One issue being a shortage of international workers due to COVID-19.

“Today is my actual first working day,” Elizavata Strizhkova, a student visiting from Russia, told News 3. “I feel like I’m already a part of a team.”

Strizhkova and Janista Rattanaarpa, a student from Thailand, traveled thousands of miles to the Outer Banks. The two work at Dirty Dick's Crab House.

For Strizhkova, it took six flights in two weeks to get here.

“There’s a lot of friendly people and a lot of interesting work, and I can practice my language,” Strizhkova said.

For Rattanaarpa, this is her first time traveling from Thailand.

“This is the last opportunity that I can go as a student,” Rattanaarpa told News 3. “I talked with my parents, and they were like, “Go! Go get the vaccine. Get the vaccine.'"

Dr. Patrik Skultety wears many hats. He’s the owner of Donuts4You, a professor at Mid-Atlantic Christian University in Elizabeth City and head of a non-profit, Global University Institute, which sponsors students to come to the United States.

“I was walking in their shoes,” Skultety said of his experience as an international student coming to work from his native country of Slovakia. “It was my dream to come to the United States.”

But this year's batch of international students is smaller than usual.

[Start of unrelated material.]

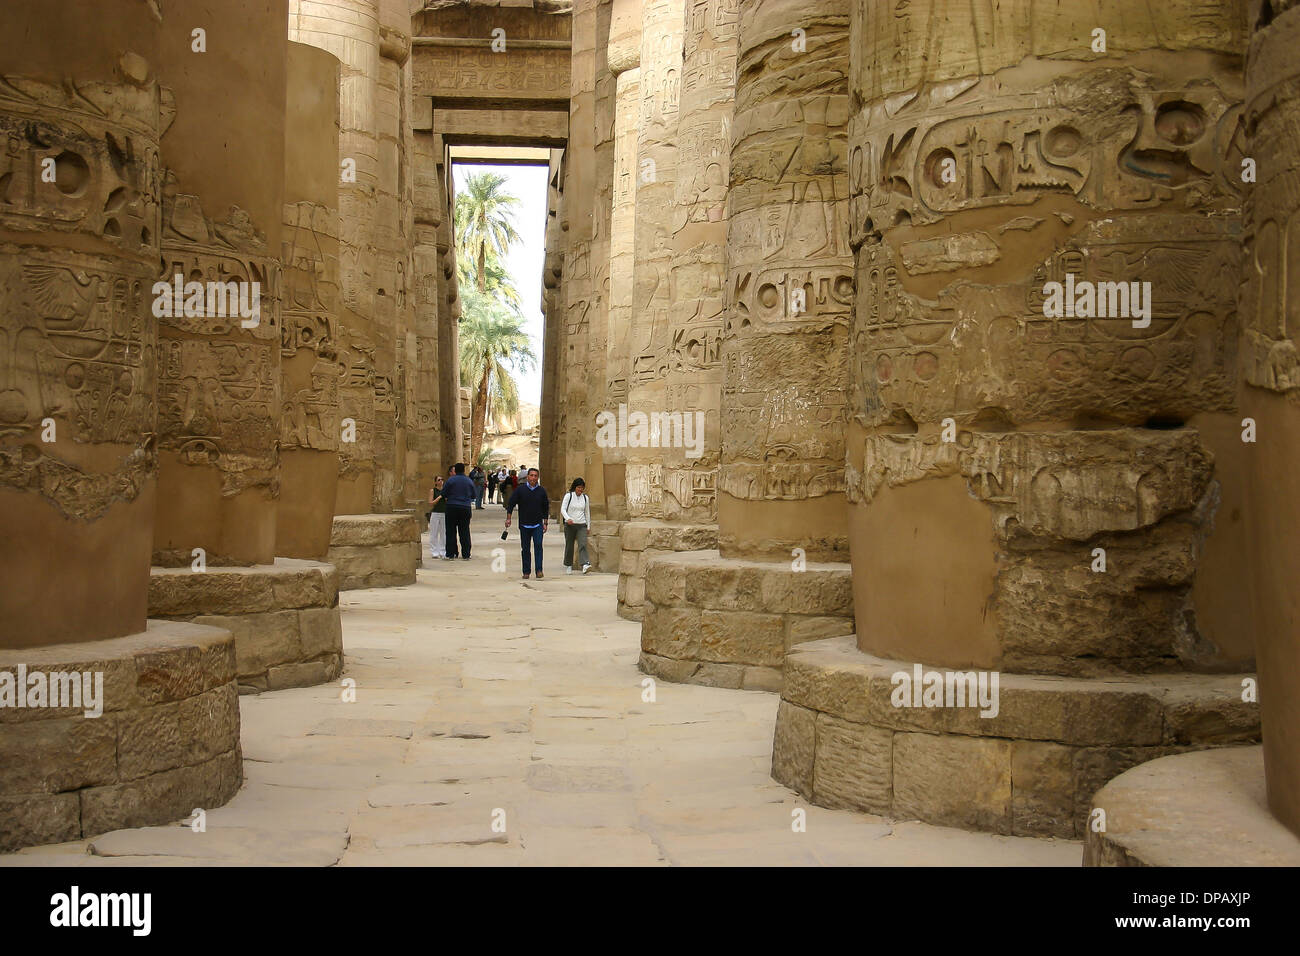 Hieroglyphics on columns of Karnak Temple in Luxor, Egypt. Stock Photo

“They’ve had the problem with the embassies in that they were closed, and they couldn’t issue the visas,” Skultety said. “We had, for example, four students. They were supposed to come, but because of the embassies issue, they couldn’t even apply for their visa.”

It’s hit those like Dirty Dick’s GM, Rob Barker, hard.

“[I’ve] been running it for 10 years; this is the hardest year I’ve ever had,” Barker said. “In 2019, I had 28 students… I currently, this year, am very lucky. [I’m] very blessed to have 11 students. And the business is up by 30%.”

“A lot of them, they just cut their hours because they’re not open as they used to be because they don’t have enough workers,” Skultety said in reference to impacts of the shortage on local businesses.

For Barker, he has a message for local and state leaders.

“Your constituency needs you,” he said.

Related: Outer Banks restaurants facing challenges finding workers for busy summer season

Meanwhile, Skultety and others are staying positive and hoping local help will be the recipe to help get through.

“I believe that this situation helps us to build a good team, where we’ll be strong inside and we’ll be able to be even better for the next season,” he said.